> _Data provided_
◆ ◆ ◆ ◆ ◆ ◆ ◆

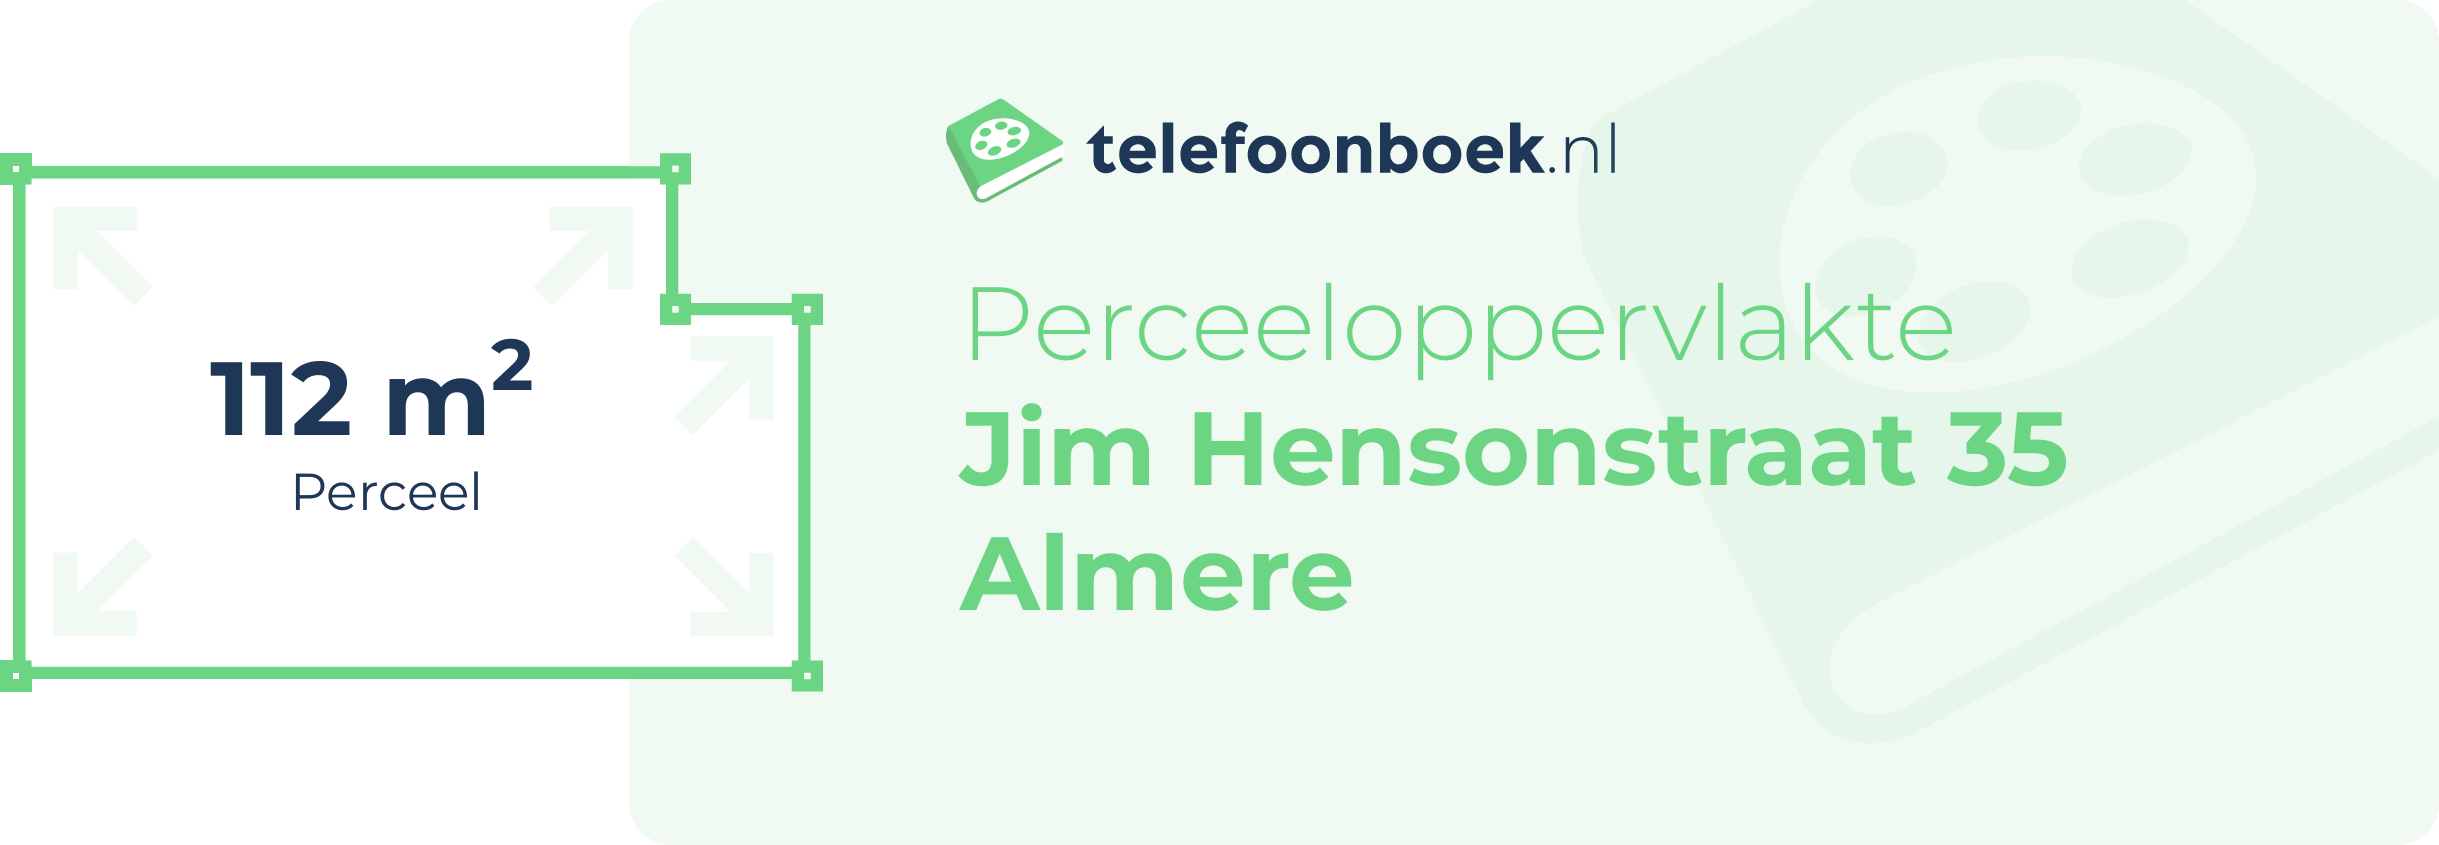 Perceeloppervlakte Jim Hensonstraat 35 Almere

◆ ◆ ◆ ◆ ◆ ◆ ◆

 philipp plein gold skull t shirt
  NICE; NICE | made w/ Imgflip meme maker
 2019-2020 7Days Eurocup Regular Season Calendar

◆ ◆ ◆ ◆ ◆ ◆ ◆

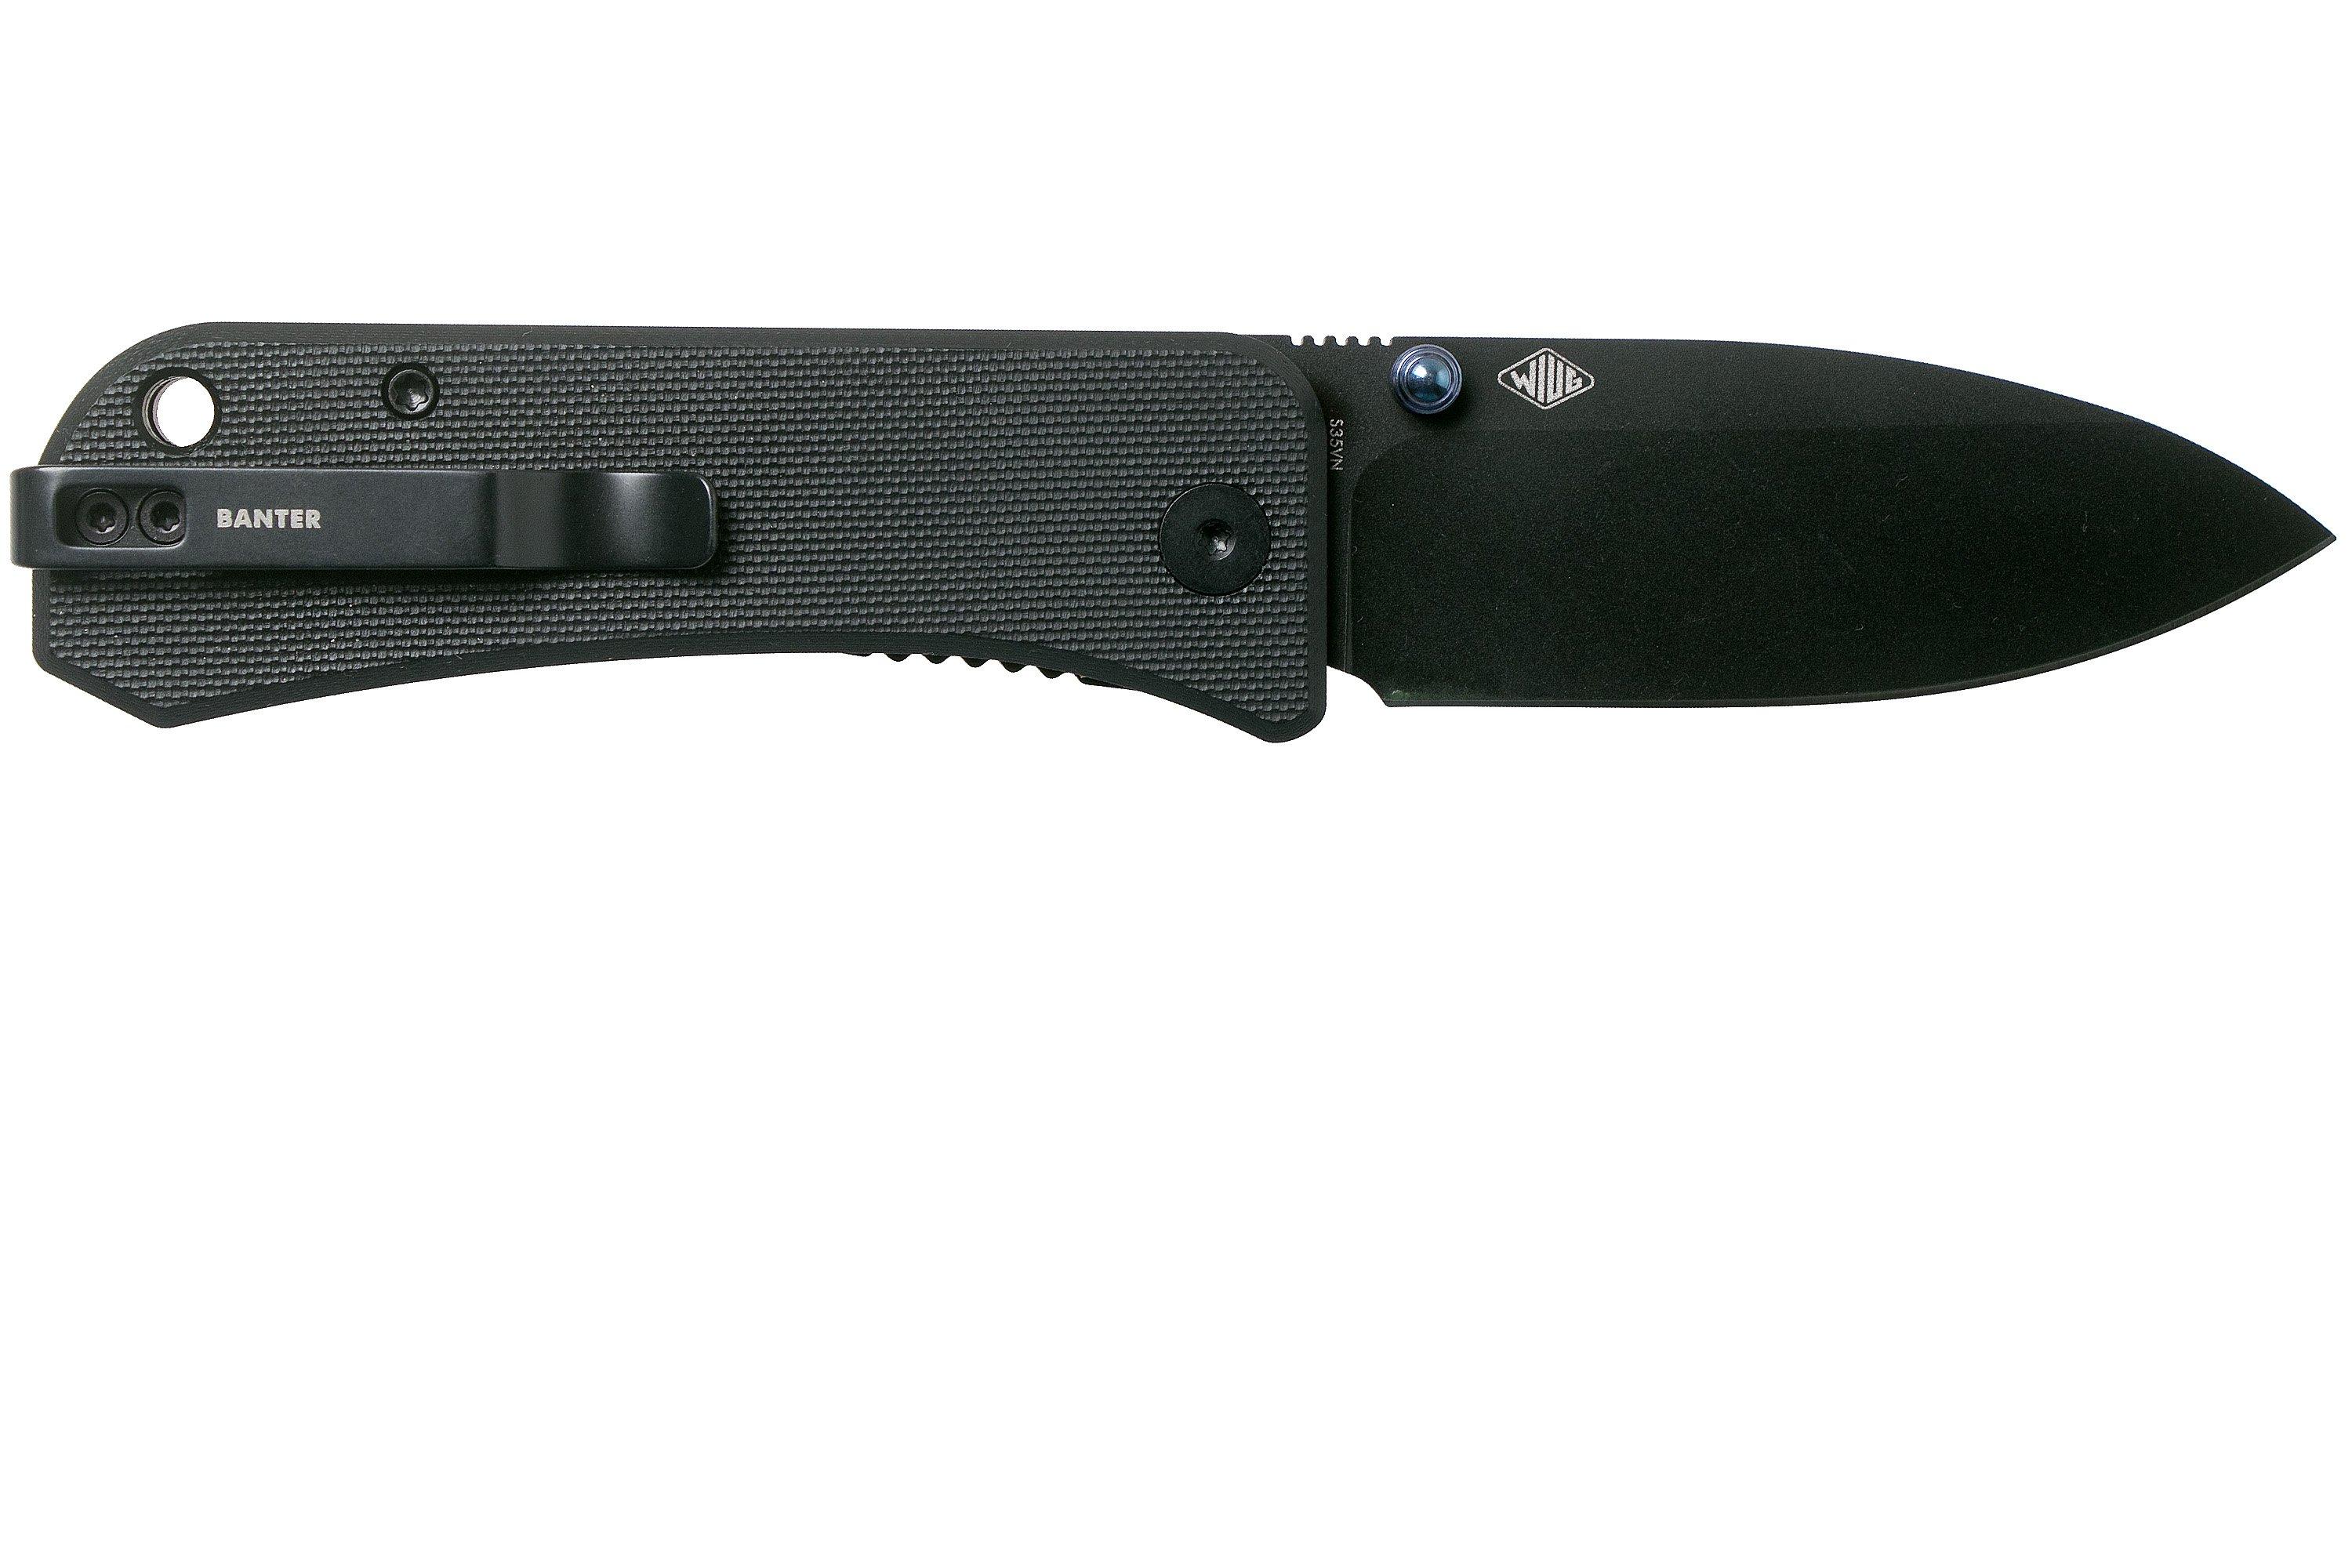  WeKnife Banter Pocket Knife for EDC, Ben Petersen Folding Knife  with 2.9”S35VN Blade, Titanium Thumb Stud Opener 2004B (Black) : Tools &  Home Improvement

◆ ◆ ◆ ◆ ◆ ◆ ◆

> _Activity_
Everything from the line containing "NICE; NICE | made w/ Imgflip meme maker" through the line containing "2019-2020 7Days Eurocup" in the material above should be retyped exactly, both ends included, and nothing more.

> _Solution to the exercise_
  NICE; NICE | made w/ Imgflip meme maker
 2019-2020 7Days Eurocup Regular Season Calendar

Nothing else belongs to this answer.